Editorial illustration for Moonshot AI, Tsinghua unveil PrfaaS KVCache that auto‑balances LLM nodes for throughput

PrfaaS: AI Nodes Optimized for LLM Peak Performance

Moonshot AI, Tsinghua unveil PrfaaS KVCache that auto‑balances LLM nodes for throughput

By AI Daily Post Edited by Brian Petersen, Editor-in-Chief

April 20, 2026 • Updated: July 4, 2026 • 4 min read

Moonshot AI and Tsinghua have introduced PrfaaS, a cross-datacenter KVCache architecture that automatically rebalances prefill and decode nodes as traffic shifts. The payoff is concrete: median time to first token drops by half, P90 latency by nearly two-thirds, and throughput hits 1.54× the homogeneous baseline. The scheduling layer alone delivers the bulk of that gain, bridging the gap from a naive 1.16×.

This is not a lab experiment, it’s a production-ready design with headroom to spare, scaling beyond 10,000 GPUs on standard Ethernet links. As context windows lengthen and phase-specialized hardware arrives, PrfaaS redefines what’s possible for LLM serving today.

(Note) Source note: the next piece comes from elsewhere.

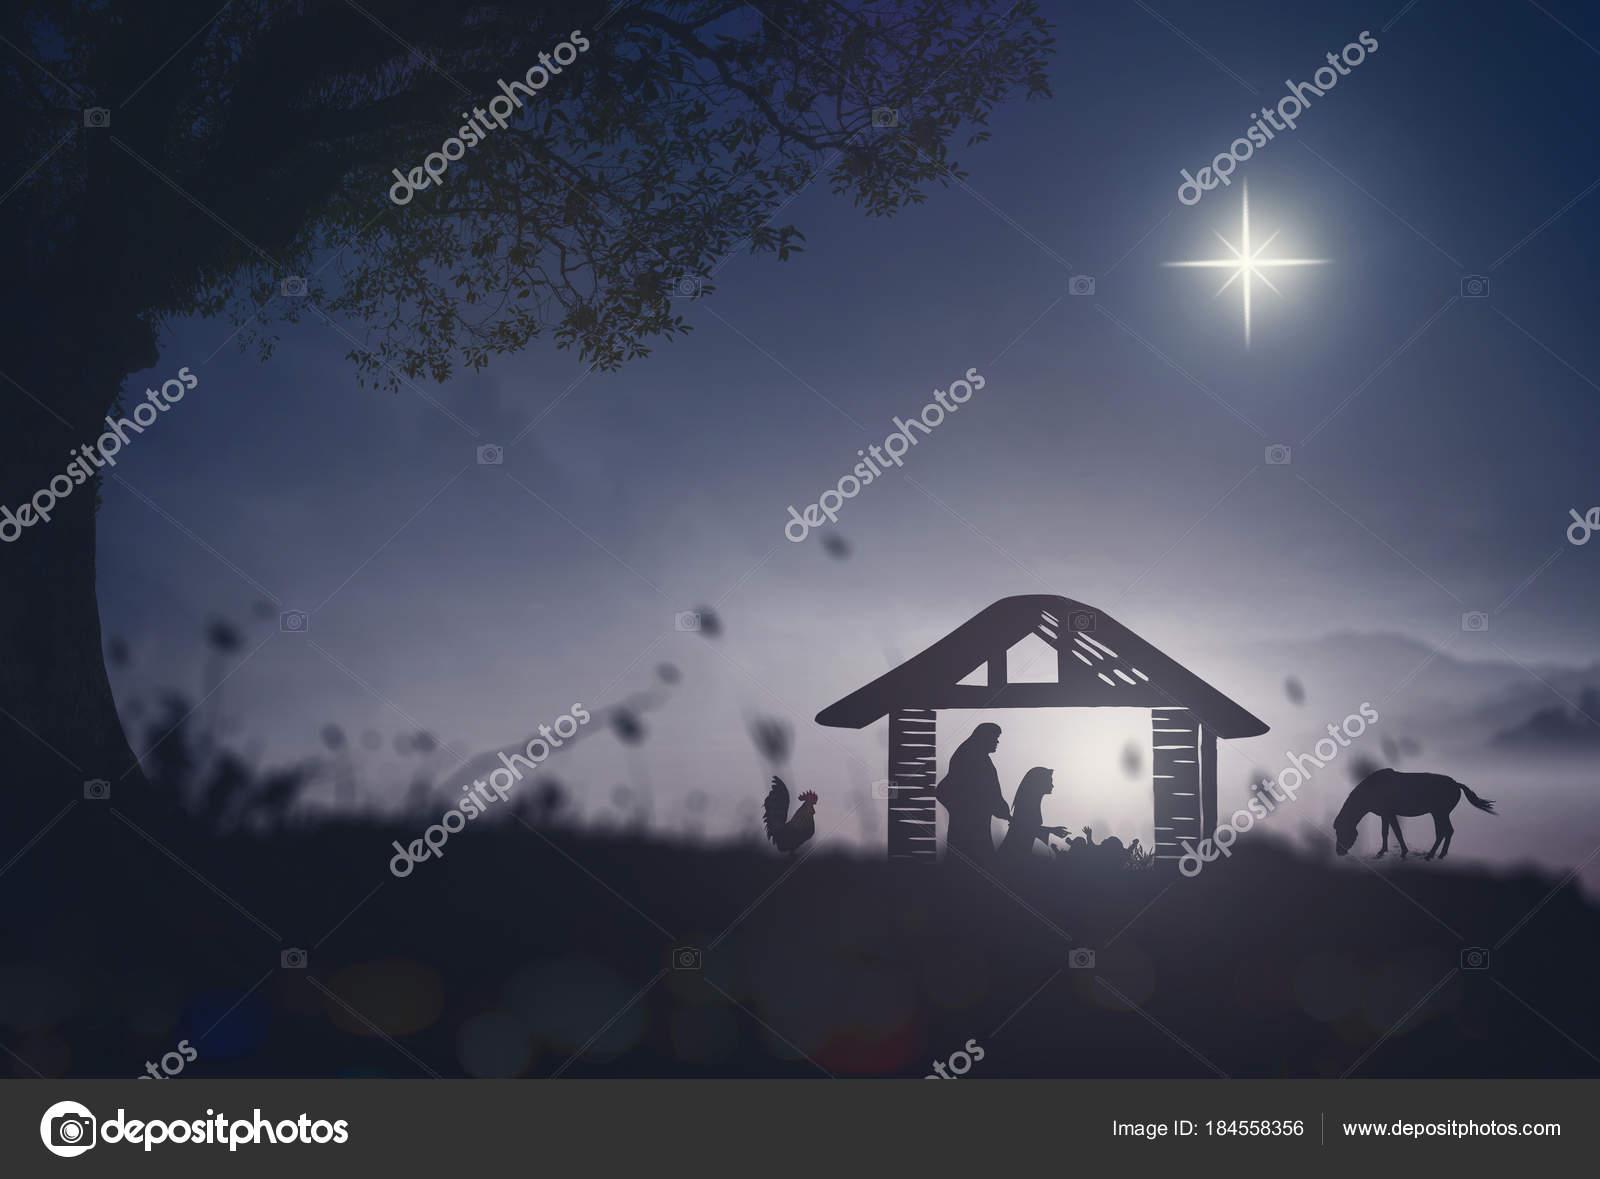 2dada183a65 Concepto de historia de Natividad  silueta madre Mary

At longer timescales, the scheduler rebalances prefill and decode node counts within the local PD cluster as traffic patterns shift, keeping the system near the throughput-optimal operating point. The Numbers In the case study, a PrfaaS cluster of 32 H200 GPUs is paired with a local PD cluster of 64 H20 GPUs, connected by a VPC network providing approximately 100 Gbps of cross-cluster bandwidth. The aggregate PrfaaS egress load under the optimal configuration is approximately 13 Gbps -- just 13% of available Ethernet capacity -- and the paper notes that the PrfaaS cluster remains compute-bound with substantial bandwidth headroom to spare.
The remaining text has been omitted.